Klientopedia
Tak powinno się rozpatrywać zawinione reklamacje!
Reklamacja stała się w języku klienta (niestety również firm) bardzo pojemnym pojęciem. Do jednego worka wrzucamy zwroty, uszkodzenia w transporcie, błędne dostawy, braki w dostawach czy w końcu wady produktowe i awarie.
Maciej Buś
17 listopada, 2023

Kilka lat temu skuszony reklamą zamówiłem skórzane etui do mojego iPhone’a. Długo szukałem idealnie praktycznego i estetycznego opakowania na telefon, który obecnie stał się moim portfelem, notatnikiem, dokumentem tożsamości. Niech więc cię nie zdziwi, że byłem gotów czekać kilka tygodni, aby wybrany model dotarł do mnie z drugiego końca świata. 

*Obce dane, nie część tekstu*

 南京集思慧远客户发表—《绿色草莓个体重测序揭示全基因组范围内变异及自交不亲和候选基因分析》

Kiedy w końcu otworzyłem paczkę z zamówieniem okazało się, że w środku znajdował się – owszem równie piękne i funkcjonalne etui, ale … nie to, które zamówiłem. Różnicę robił kolor. I to tak dalece, że ni jak nie pasował do moich preferencji estetycznych. Byłem zły, rozczarowany, bezsilny. Długo czekałem na zamówienie, a kiedy dotarło okazało się … nie tym na co czekałem. 

W pierwszym odruchu pomyślałem, że przyjdzie mi się pogodzić z kolorem czarnym jak smoła z różowymi przeszyciami (choć przecież prawdziwi mężczyźni różu się nie boją). 

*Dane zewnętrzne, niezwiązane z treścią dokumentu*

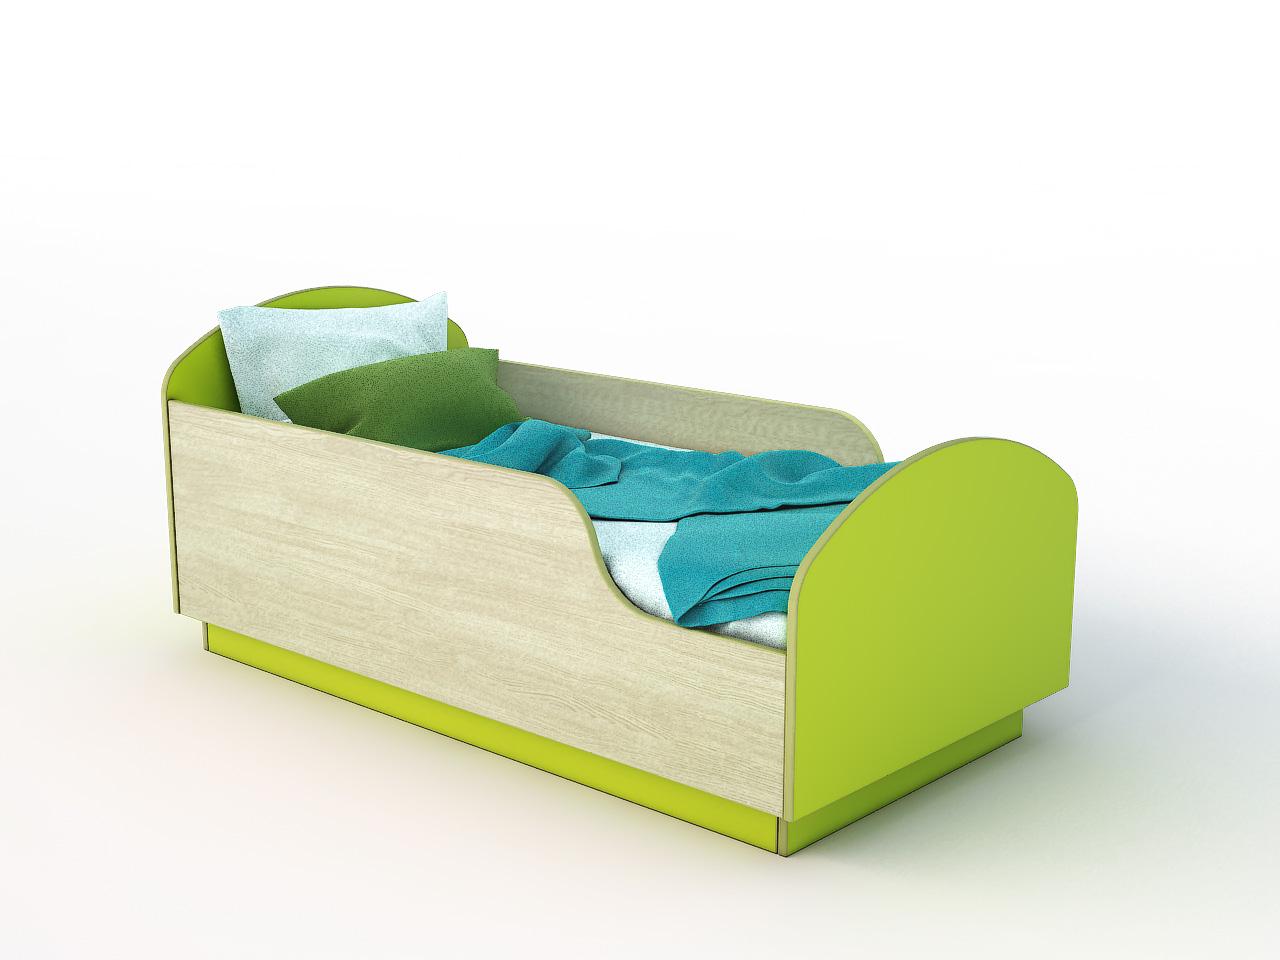 Детские кровати до 3 лет с бортами фото

Wyobraziłem sobie przepychankę mailową i to w języku, który nie jest moim ojczystym. Dodatkowo nigdy nie wgryzałem się w międzynarodowe prawo reklamacyjne, a regulamin sprzedaży owszem zaakceptowałem jak prawdziwy mężczyzna nie otwierając nawet strony, na której się znajdował. 

No i kolejne tygodnie oczekiwania oraz koszty i organizacja wysyłkiczarnego jak smoła z różowymi przeszyciami etui. 

Ale następnego dnia zasiadłem przed klawiaturą i opisałem sprzedawcy (będącego jednocześnie producentem tego dzieła sztuki) mój problem. 

Pierwsze zaskoczenie pojawiło się już po godzinie (mimo niewątpliwej różnicy czasu między nami). Alex, tak się podpisał, przeprosił szczerze za pomyłkę i obiecał, że jeszcze tego samego dnia wyśle właściwe etui.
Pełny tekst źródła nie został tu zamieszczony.